Work instruction: In the entries below, repeat only the lines between those holding "serta perfect sleeper" and "1986 Dated restaurant", inclusive. Leave pictures out.
[Entries shown]
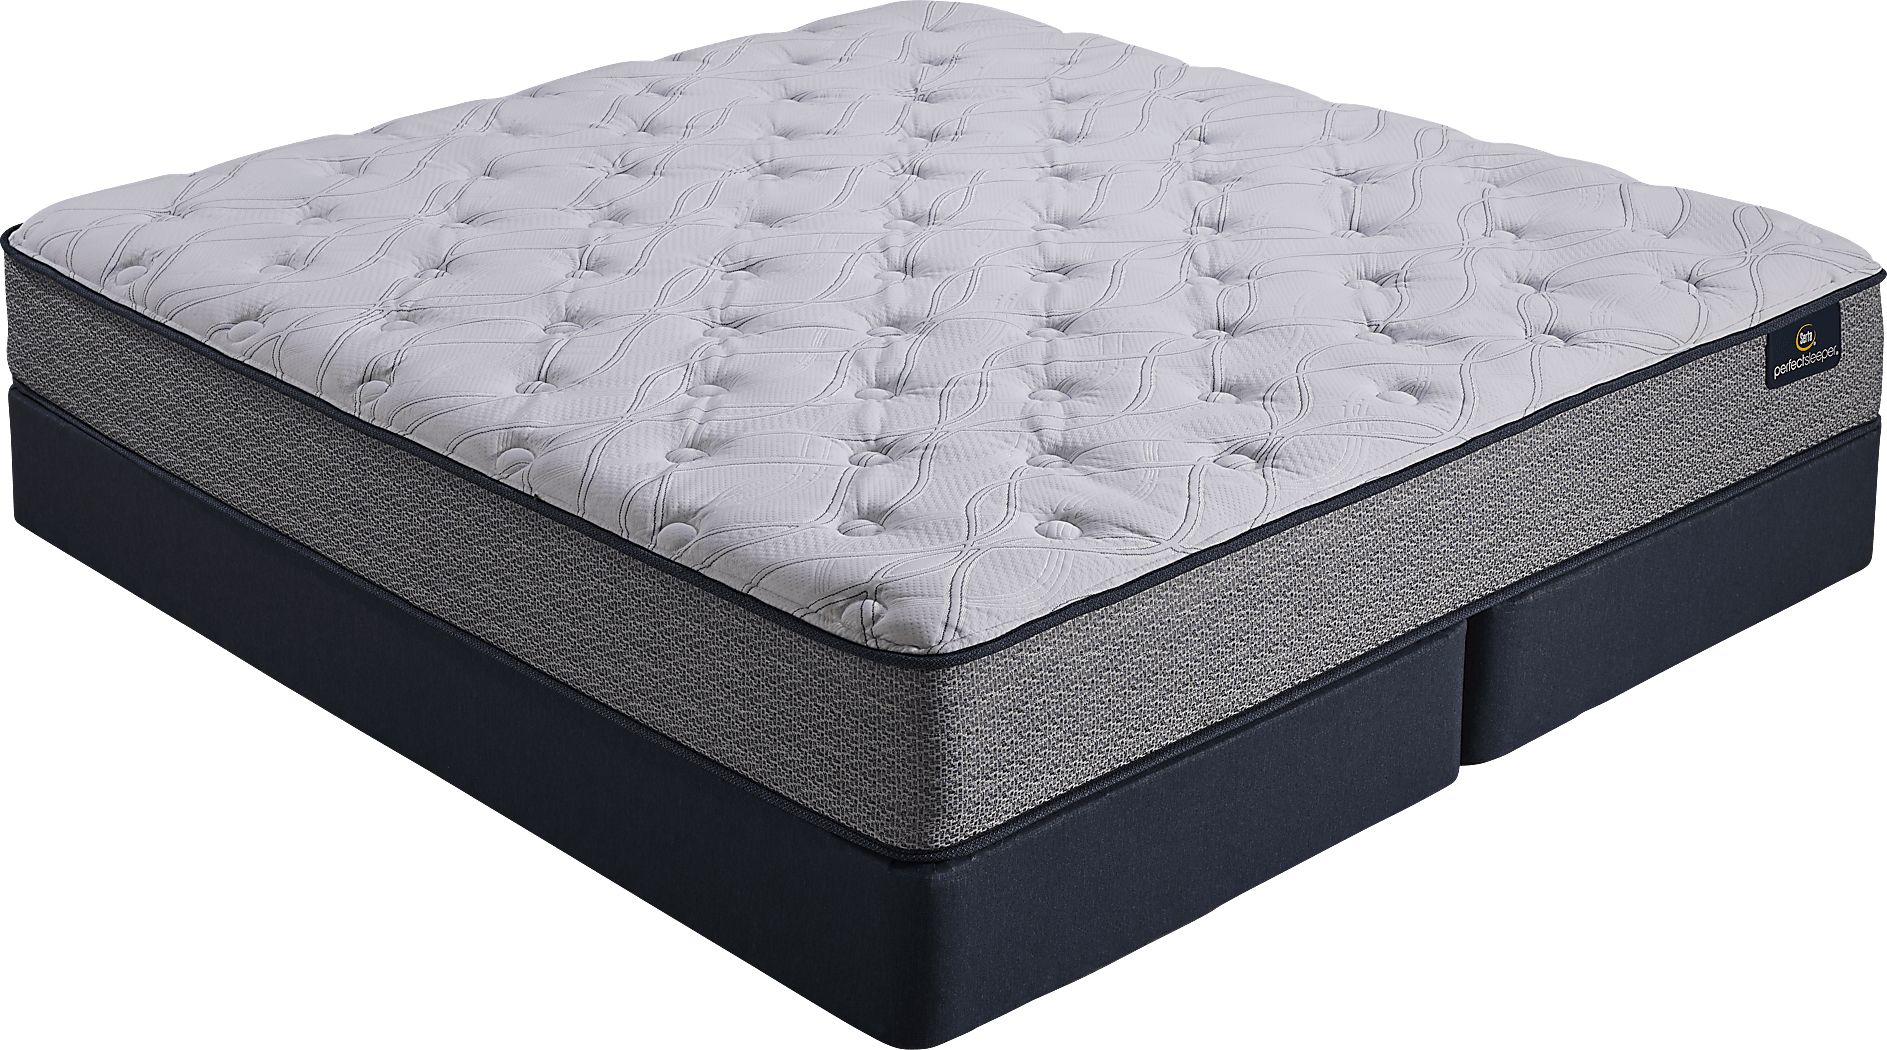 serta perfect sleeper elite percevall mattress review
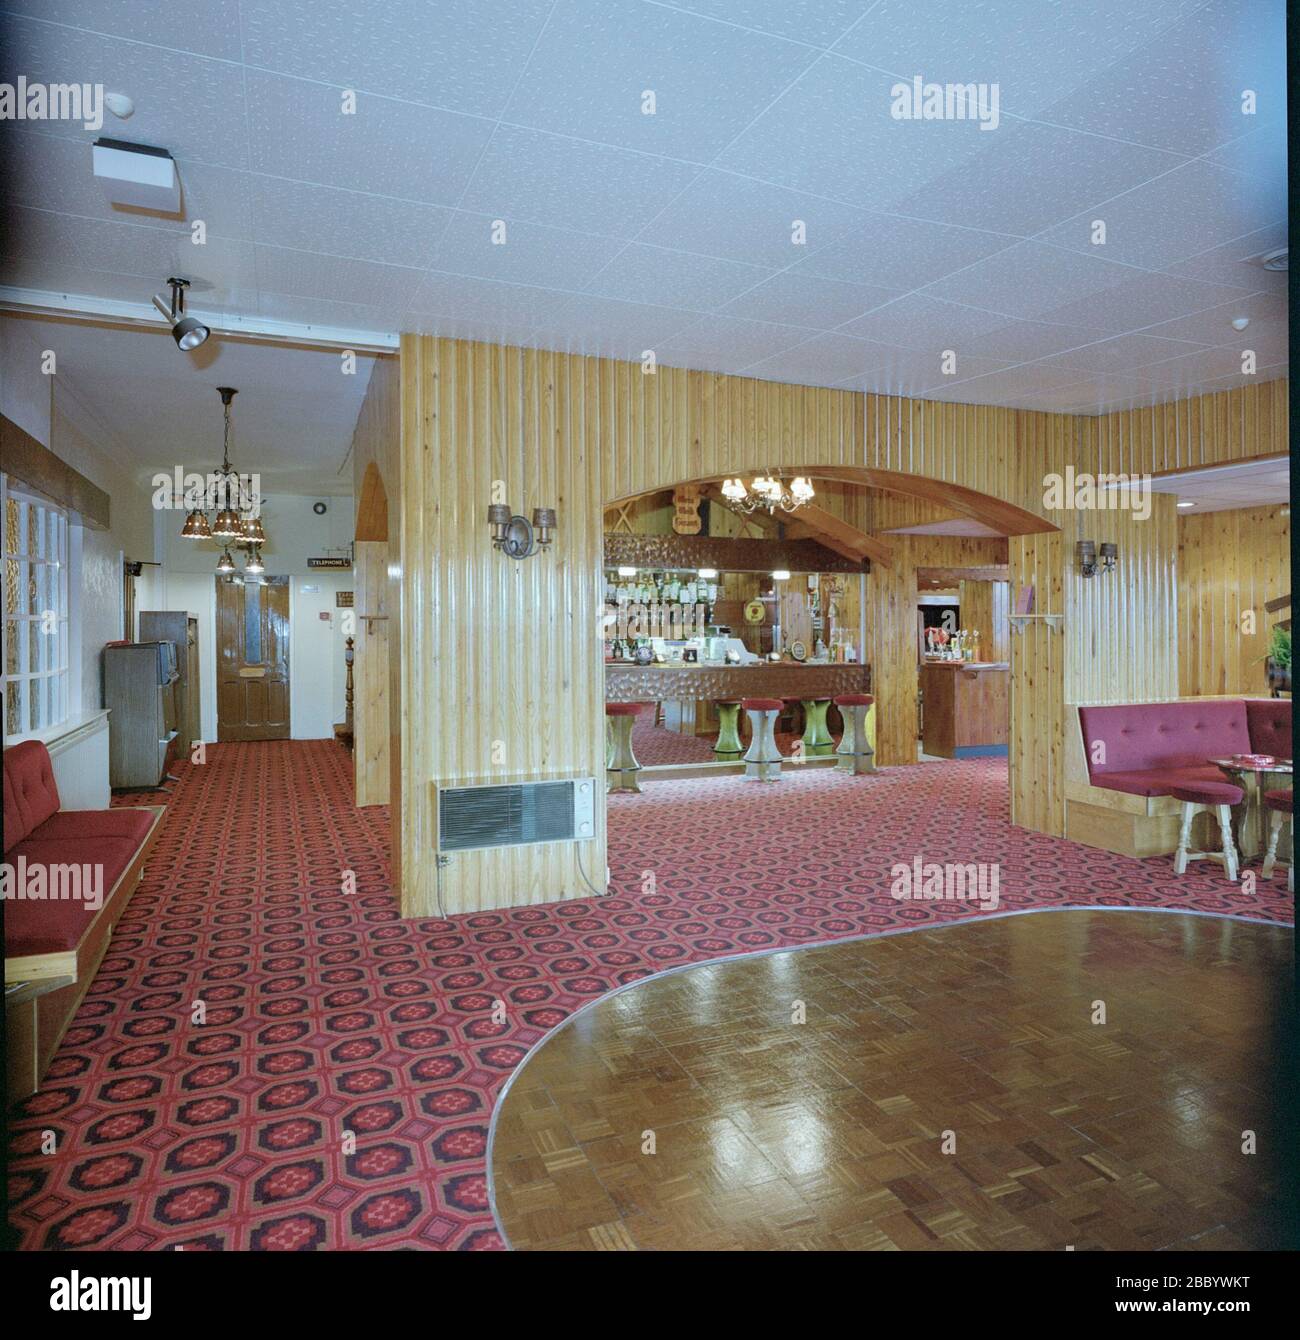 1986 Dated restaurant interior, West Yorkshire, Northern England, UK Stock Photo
[/Entries shown]
[Entries shown]
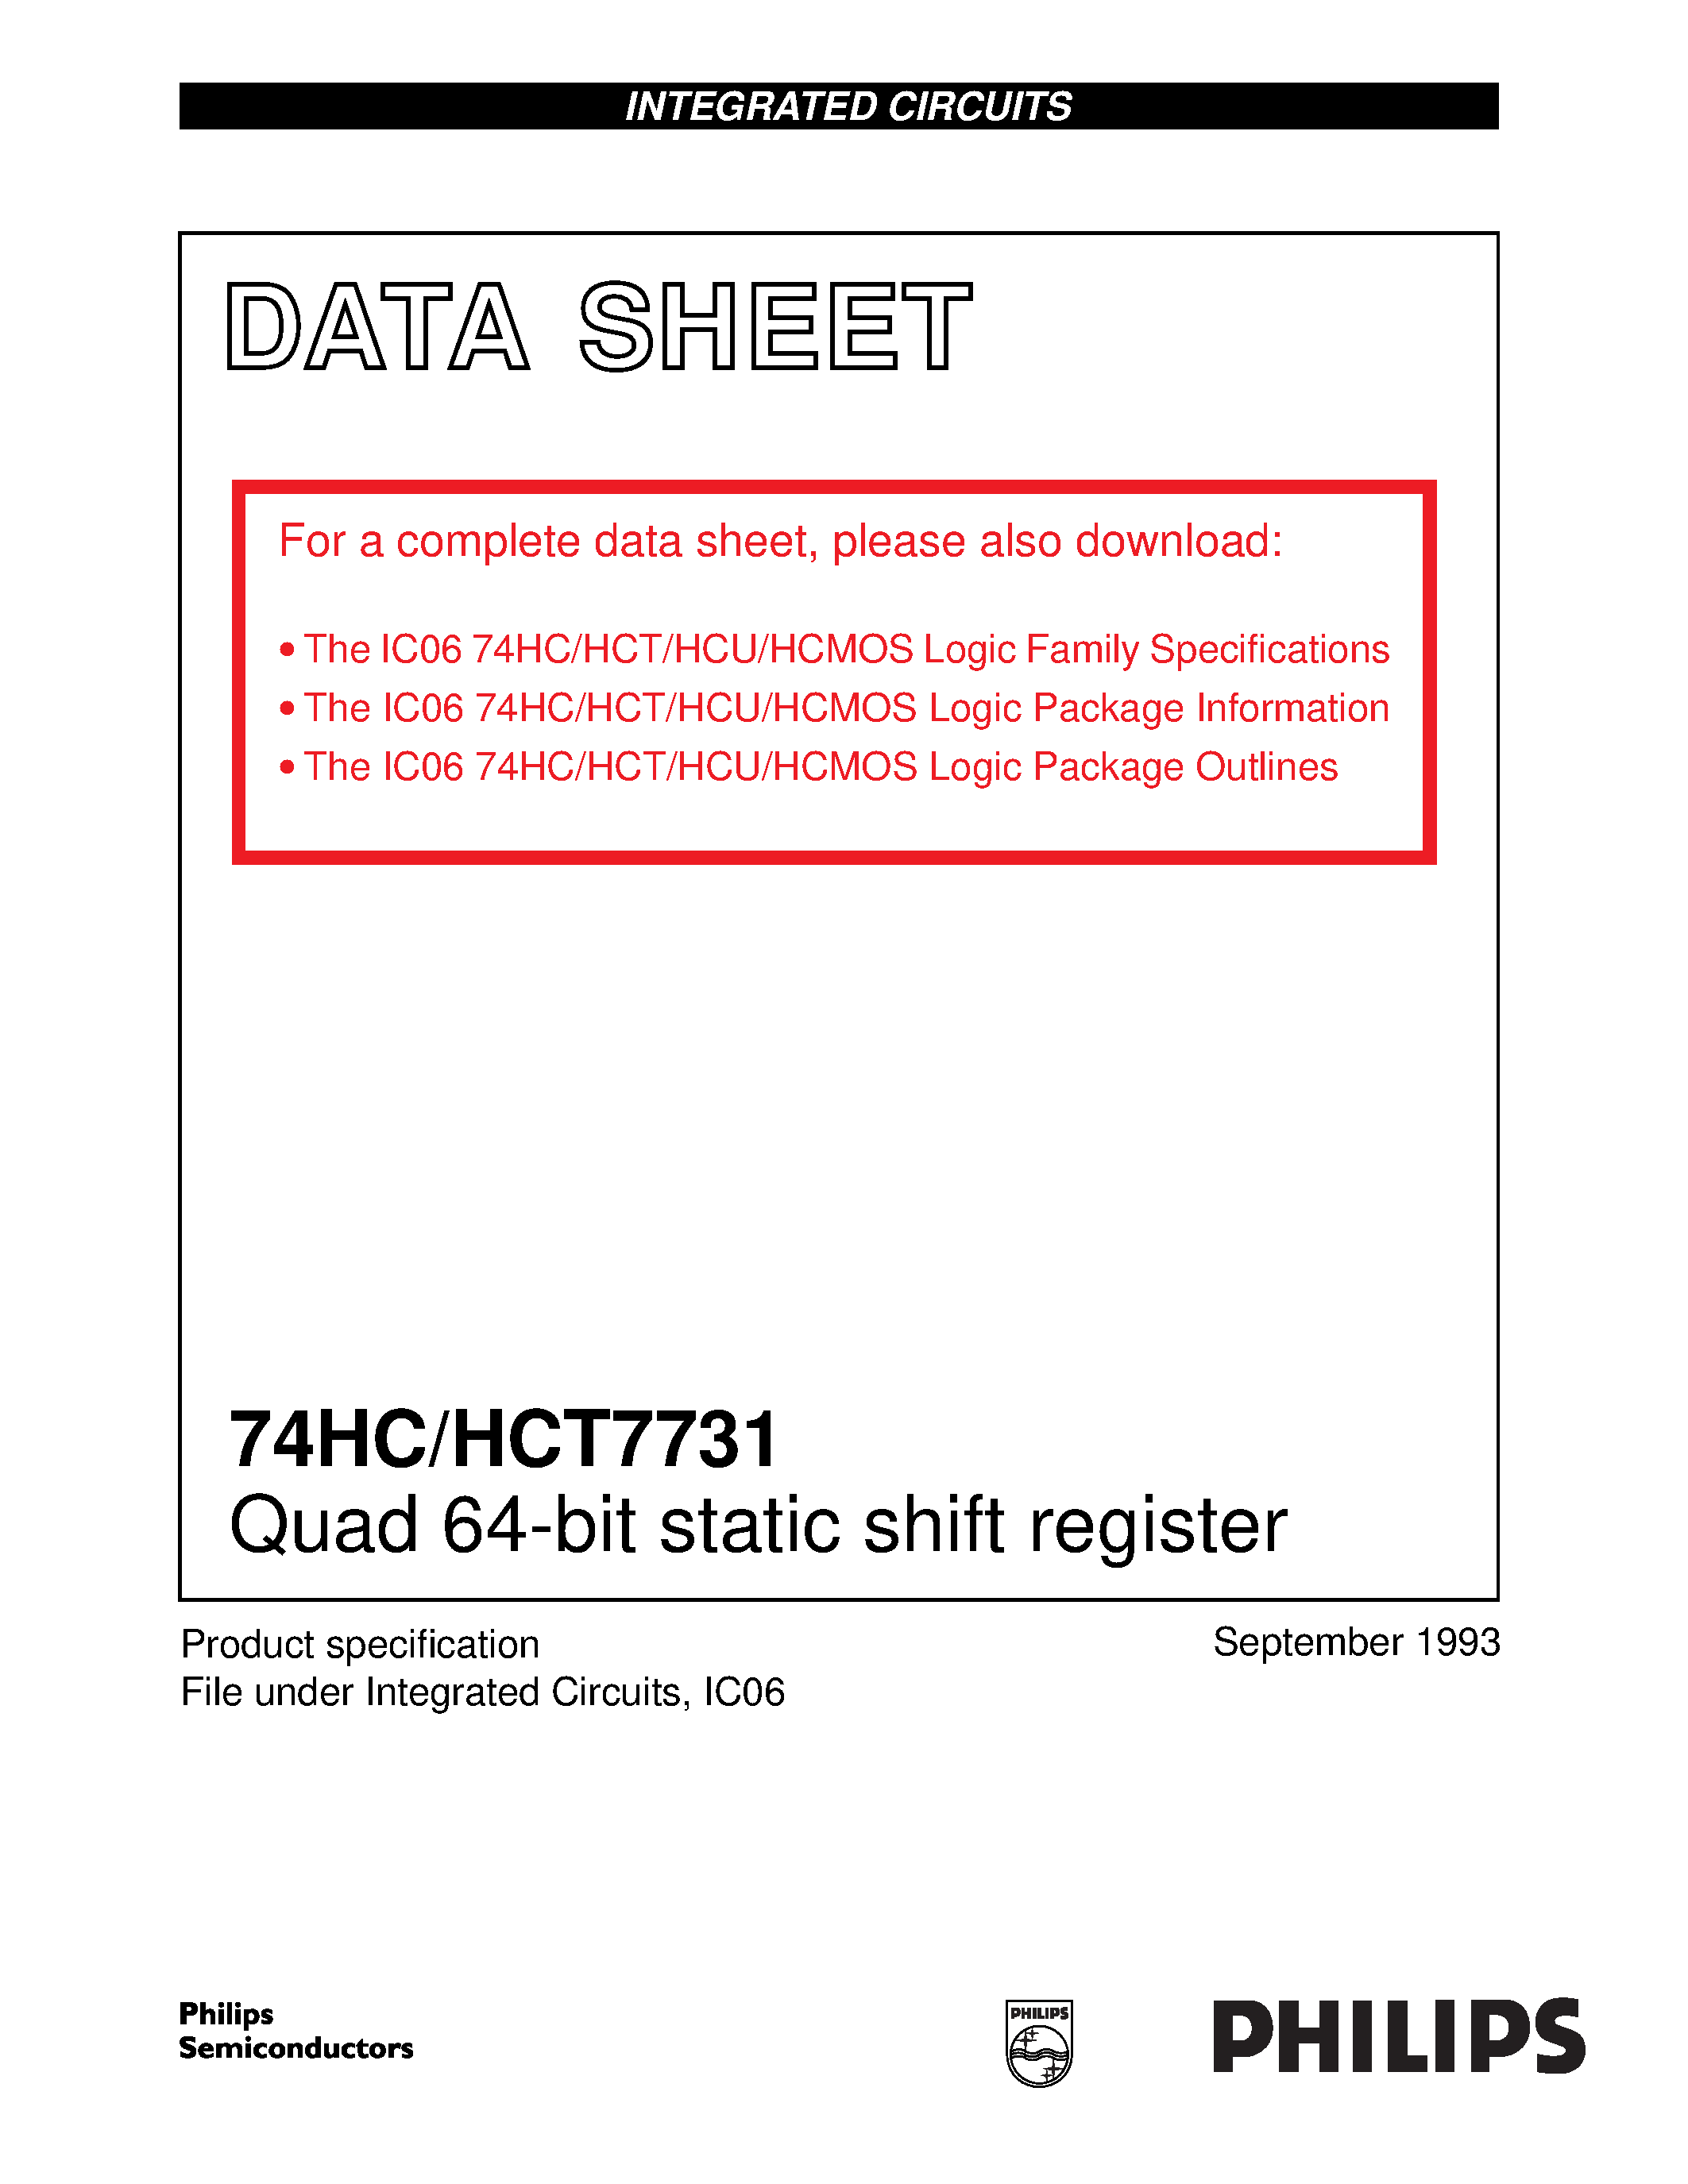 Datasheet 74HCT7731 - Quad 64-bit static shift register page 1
[/Entries shown]
Written answer:
 serta perfect sleeper elite percevall mattress review
 1986 Dated restaurant interior, West Yorkshire, Northern England, UK Stock Photo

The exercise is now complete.